Assignment: The lines below, beginning at the one that contains "The EcoStruxure Pod Data Center is" and ending at the last, are to be retyped exactly.

Supplied data:
>>>>>
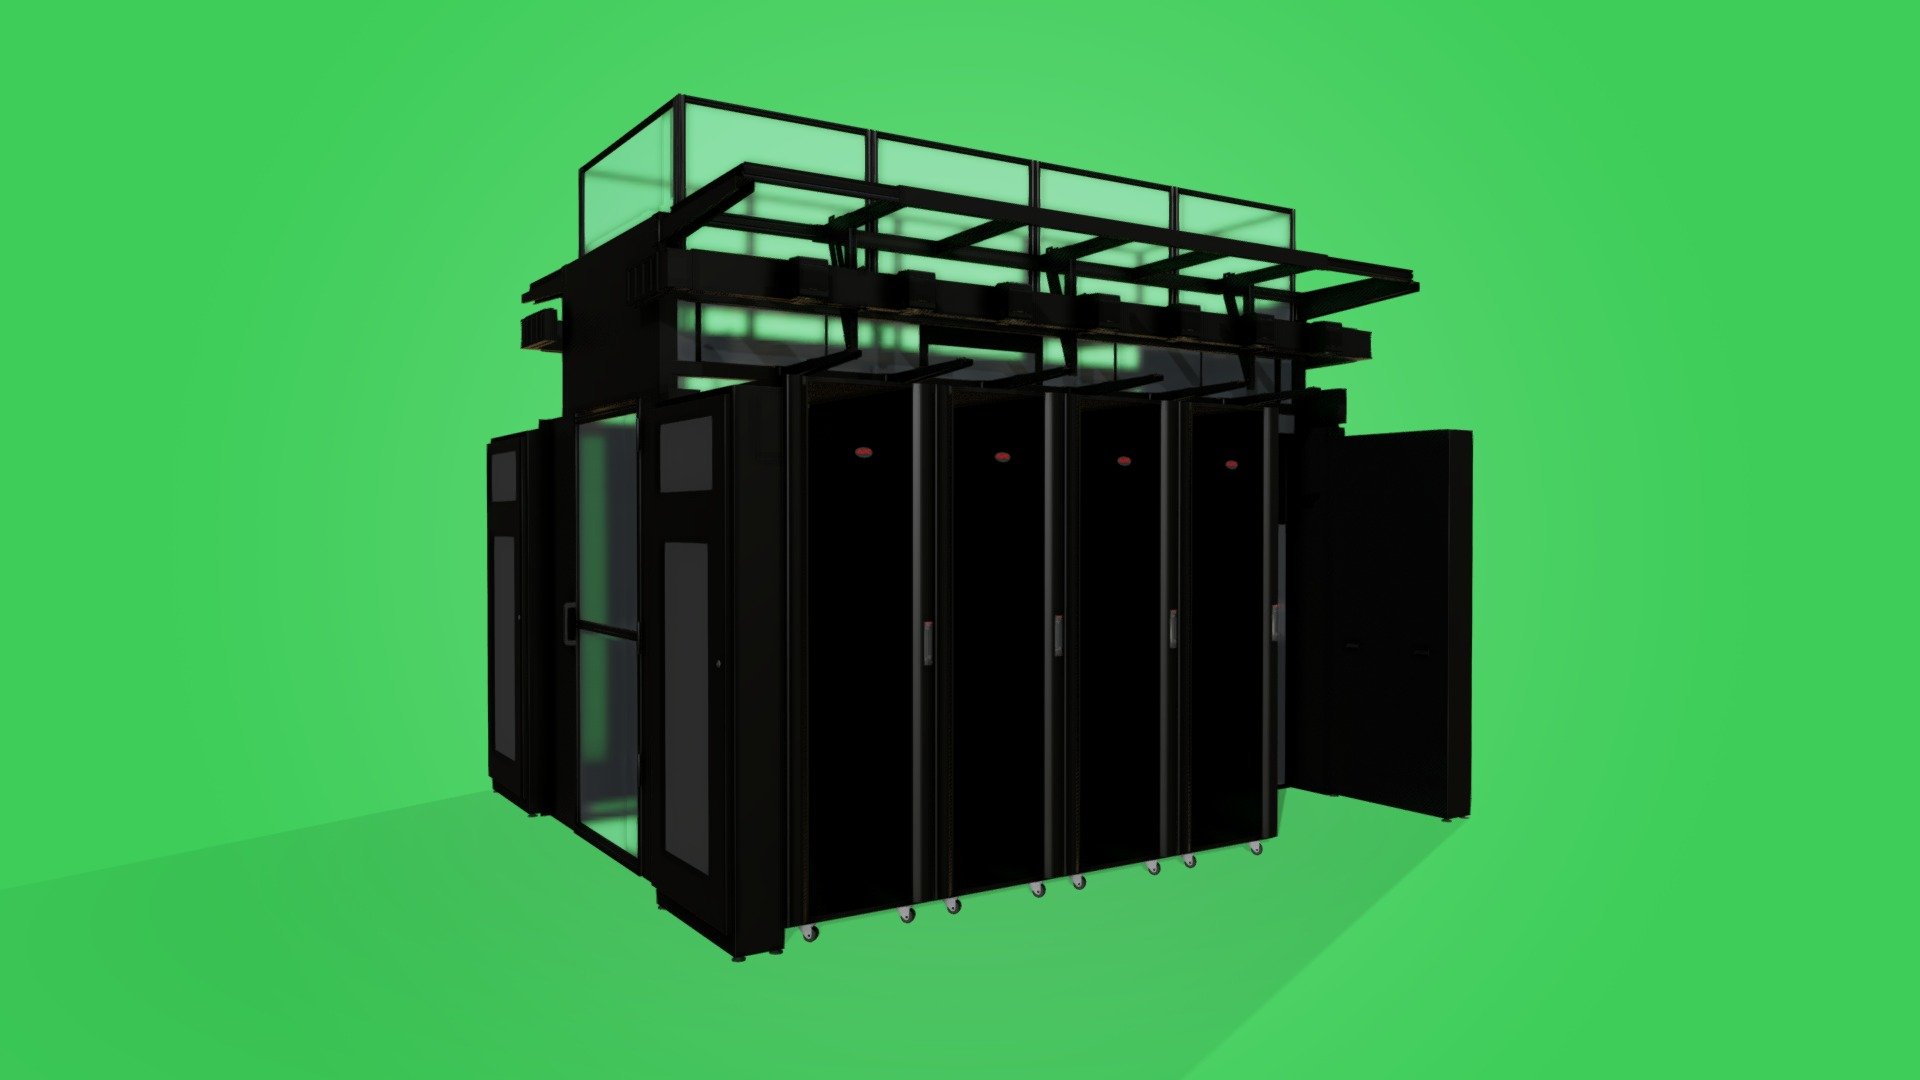 Meet the EcoStruxure Pod Data Center.

The EcoStruxure Pod Data Center is the only IT-Pod Frame solution available in the data center market space. With a flexible configuration, it supports all of today’s rack types and can reduce CapEx Costs by up to 15 percent.

Learn more at: https://www.schneider-electric.com/en/work/solutions/for-business/data-centers-and-networks/hyperpod/ - EcoStruxure Pod Data Center - 3D model by Schneider Electric 3d model
<<<<<
Response to this task:
The EcoStruxure Pod Data Center is the only IT-Pod Frame solution available in the data center market space. With a flexible configuration, it supports all of today’s rack types and can reduce CapEx Costs by up to 15 percent.

Learn more at: https://www.schneider-electric.com/en/work/solutions/for-business/data-centers-and-networks/hyperpod/ - EcoStruxure Pod Data Center - 3D model by Schneider Electric 3d model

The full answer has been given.